19.3. Traversing a graph. Since a graph has no natural ordering of its vertices, there is no standard order in which to visit all these vertices. But visiting all the vertices is a standard part of many algorithms which deal with problems described in terms of a graph. Two graph traversal techniques which have natural definition for the special case of trees can are often useful. Both start from an arbitrary initial vertex v. One, depth first search (dfs), traverses the vertices by seeking to go along "long" paths leading from v. The other, breadth first search (bfs), uses the strategy of visiting v's "closest neighbors" before looking further away. If a graph is not connected and we want to search all its vertices, we must carry out a search procedure on each component of the graph.
Example. Consider the graph G defined in the previous section. Let us restrict our attention to the connected component containing the vertices a,b,c,d,e,g. Choosing a as the initial vertex, we have many possible dfs and bfs orderings of the other vertices. For example, we can define dfs1 by a,b,c,d,e,g; dfs2 by a,g,e,c,b,d, ...Similarly, there are many possible bfs orderings. Which particular ordering a search algorithm will choose will depend on how it is implemented and what labeling has been given to the graph being searched.
We give pseudocode for these two procedures. Note that each search procedure is naturally related to a fundamental data structure, dfs to the stack and bfs to the queue.
DFS(v)Note: v is the vertex from which the search is to begin.
visit and mark v
while there is an unmarked vertex w adjacent to v do
DFS(w)
BFS(v)
Note: v is the vertex from which the search is to begin
Let Q be a queue.

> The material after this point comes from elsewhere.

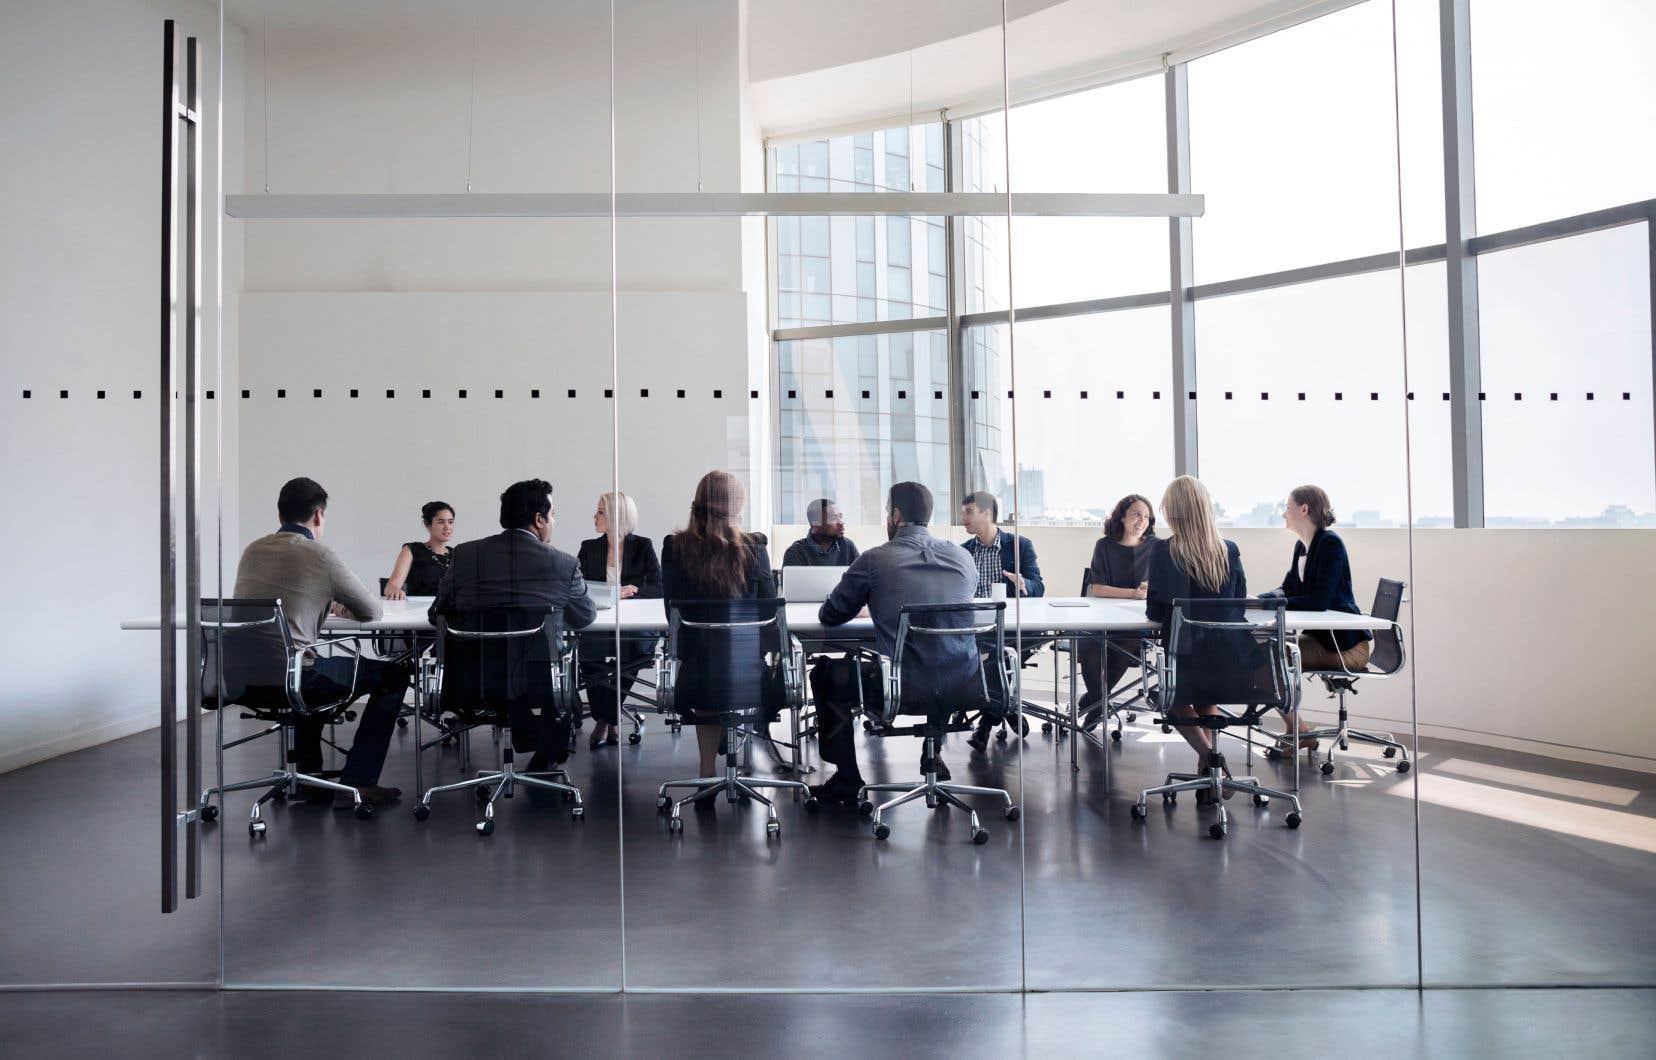 Sur le plan de la rémunération globale, la situation des employés de l'Administration québécoise s'est améliorée par rapport à 2017, l'écart passant de 8,6% à 6,6%.

Initialize Q to be empty.
visit and mark v; insert v in Q
while Q is nonempty do
w = head(Q); remove w from Q
for each unmarked vertex x adjacent to w do
visit and mark x; insert x in Q
Exercise 19.5. Rewrite DFS(v) so that it is nonrecursive.
Exercise 19.6. Define a connected graph G with 6 vertices, labeled 1,2, .., 6, and 14 edges. (You pick the edges.) Choosing vertex 1 as the initial vertex, show the order in which the vertices of your graph will be visited in a DFS and in a BFS. Assume that the searches are implemented so that, if there is a choice of vertices to visit next, the vertex with the smallest label will be chosen.